# [GOAL OF THE EXERCISE]
Give the data again word for word; drop the pictures.

# [MATERIAL PROVIDED]
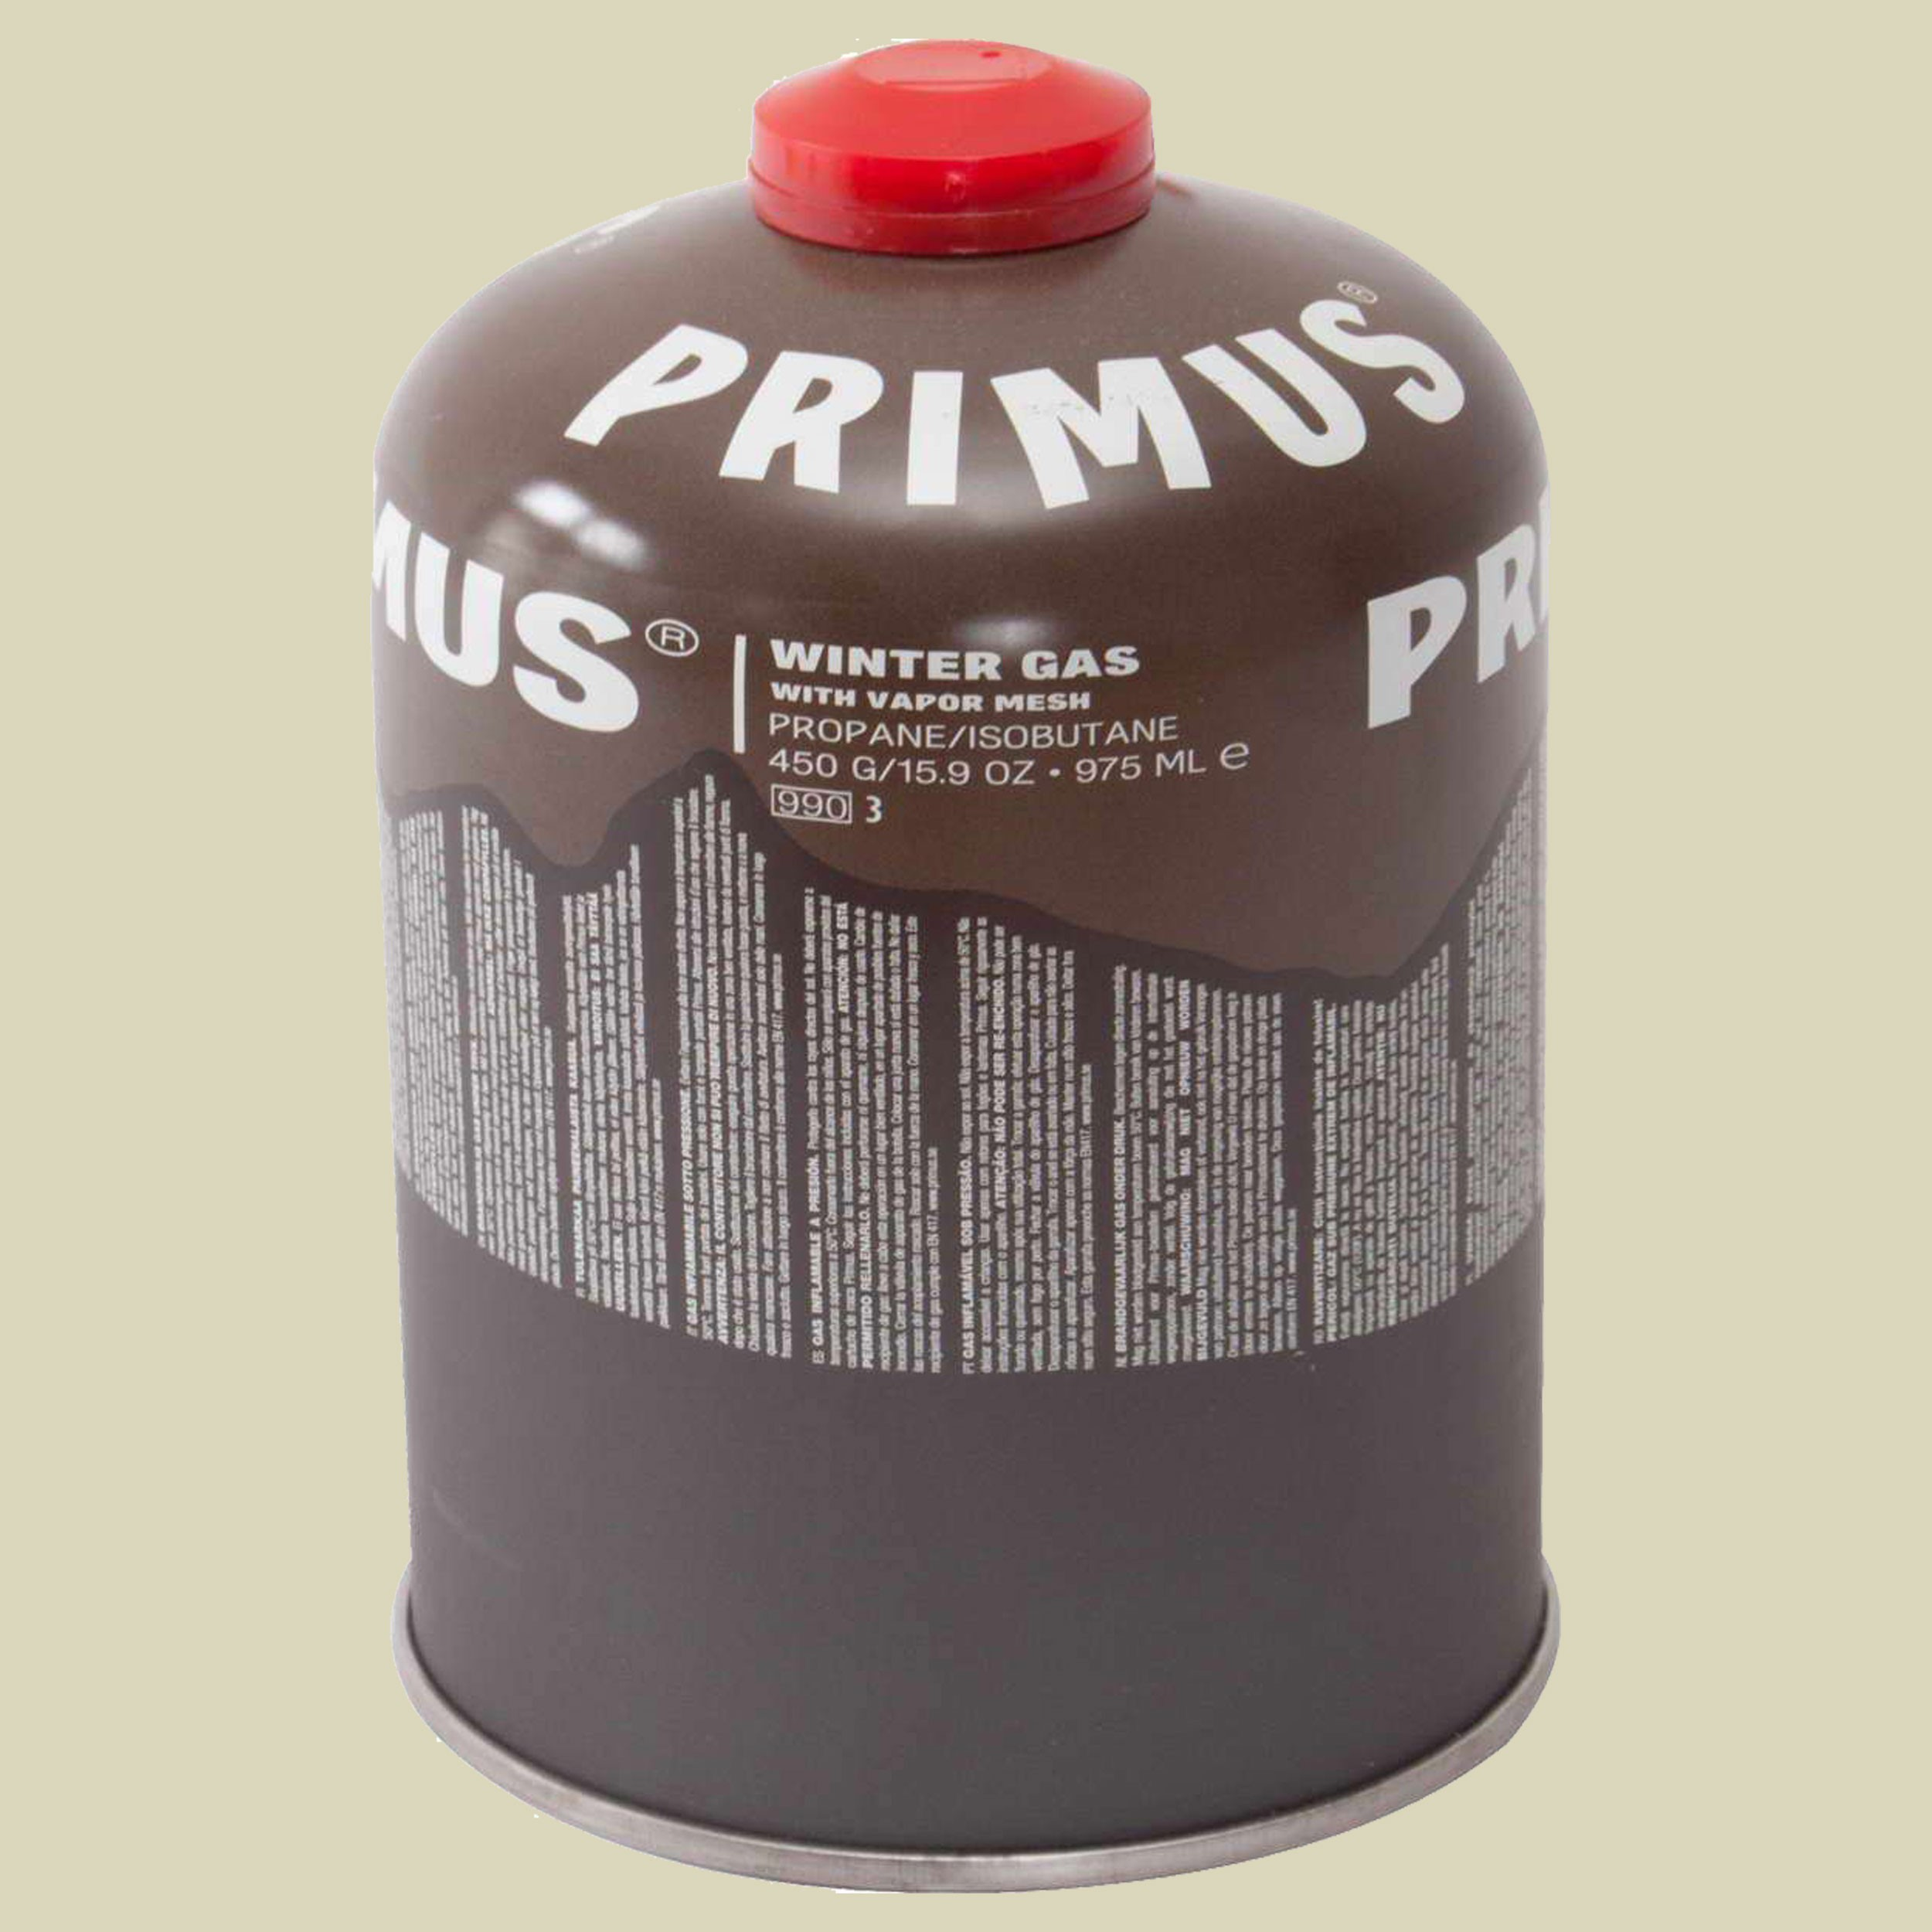 primus_winter_gas_gaskartusche_450_g_rl_220271_fallback
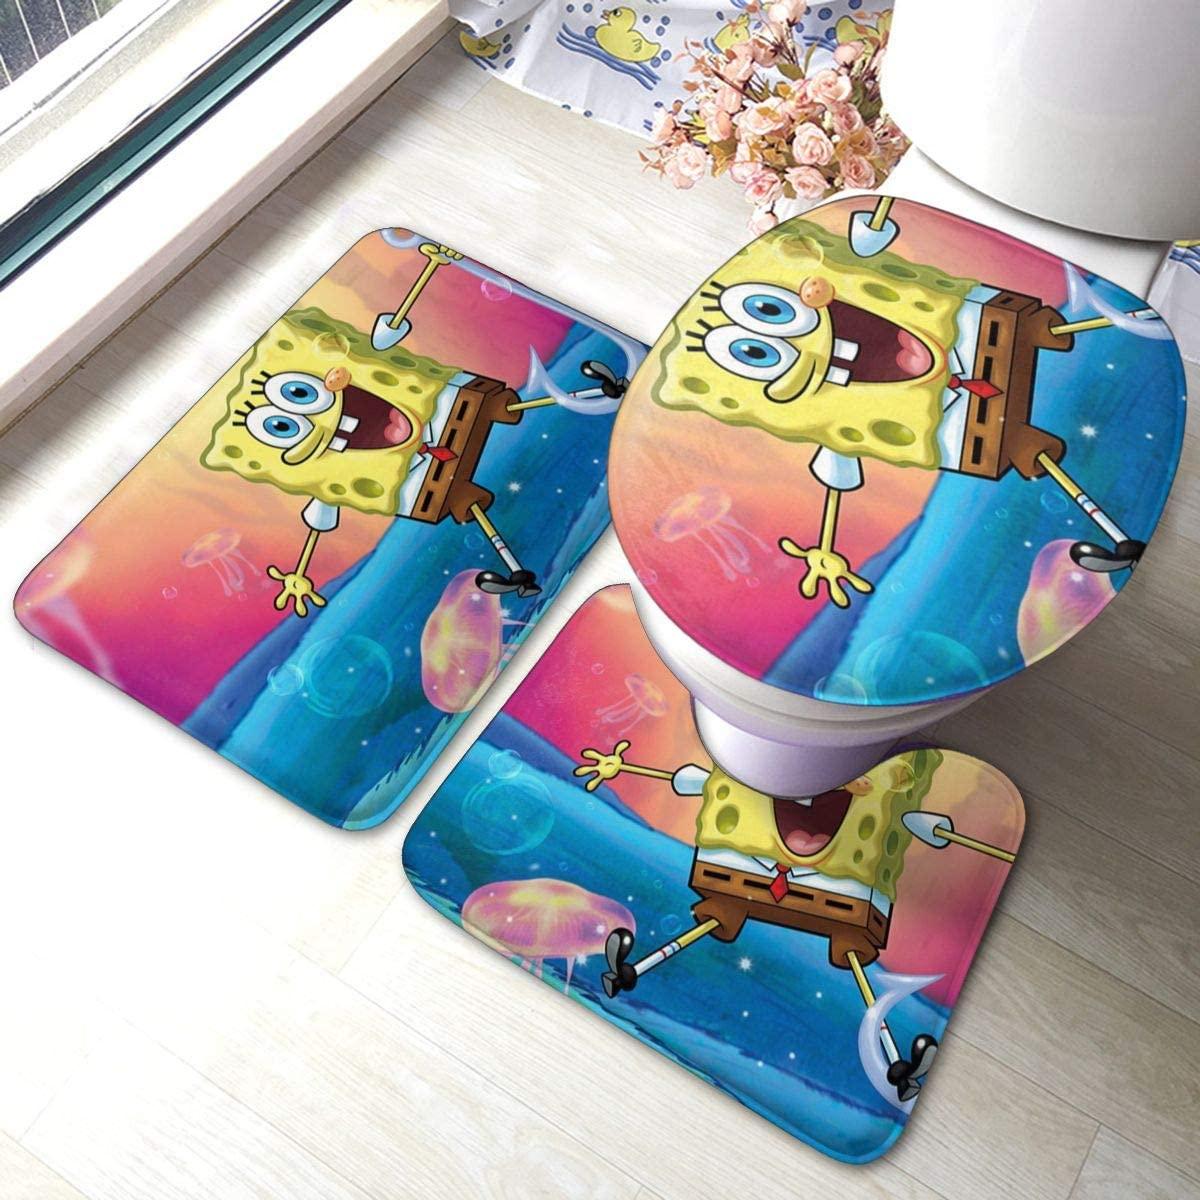 Tticus Cromwell 3 Piece Non-Slip Bathroom Rugs Spongebob Squarepants 353 Bath Doormat Anti-Skid Pads Bath Mat + U Shaped Contour Rug+Toilet Seat Cover
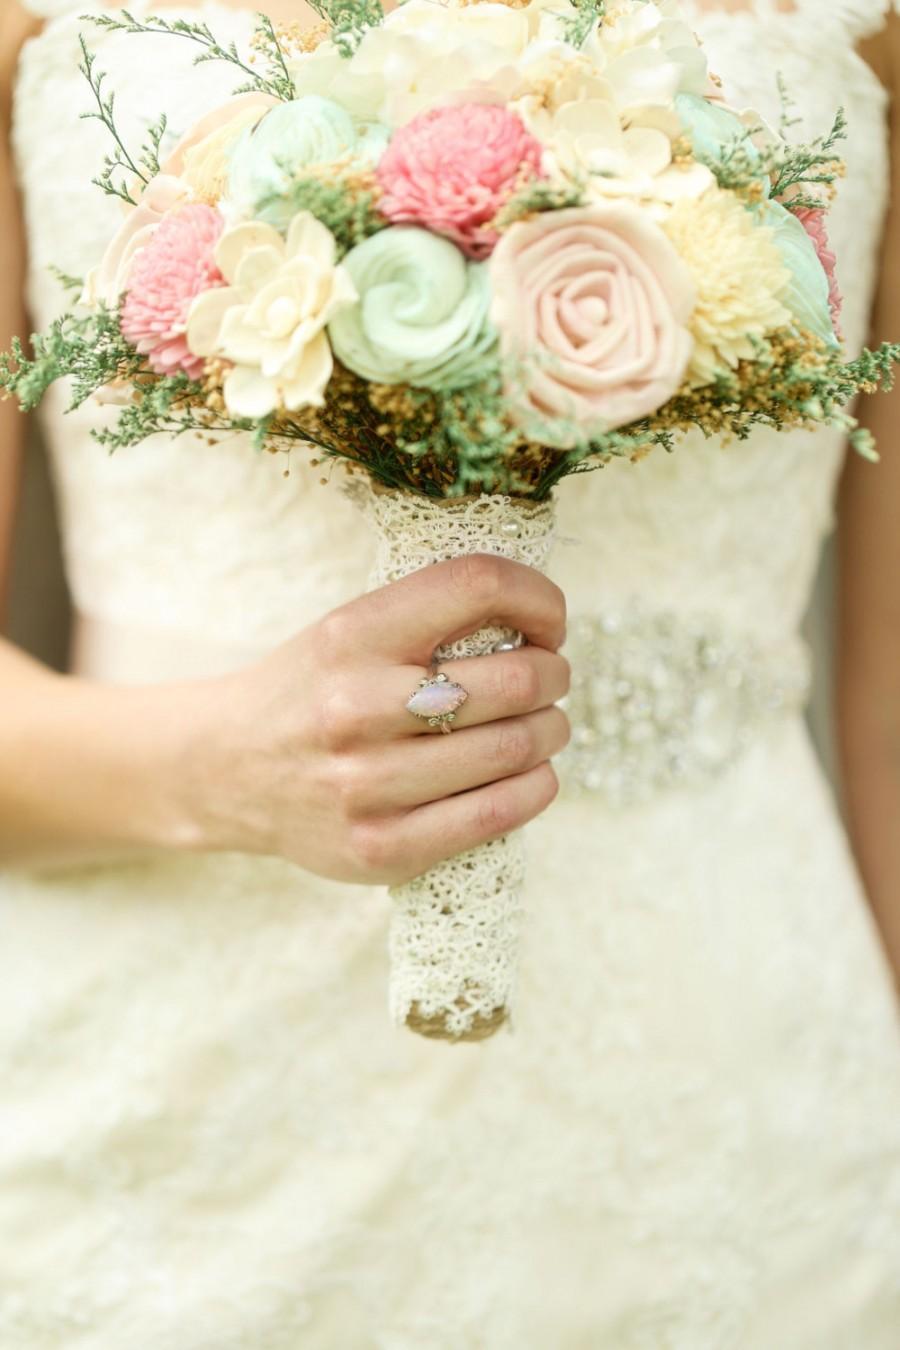 Свадьба - Romantic Wedding Bouquet -Pink and Mint Collection, Large Keepsake Alternative Bouquet, Sola Bouquet, Rustic Wedding

# [EXERCISE RESULT]
 primus_winter_gas_gaskartusche_450_g_rl_220271_fallback
 Tticus Cromwell 3 Piece Non-Slip Bathroom Rugs Spongebob Squarepants 353 Bath Doormat Anti-Skid Pads Bath Mat + U Shaped Contour Rug+Toilet Seat Cover
 Свадьба - Romantic Wedding Bouquet -Pink and Mint Collection, Large Keepsake Alternative Bouquet, Sola Bouquet, Rustic Wedding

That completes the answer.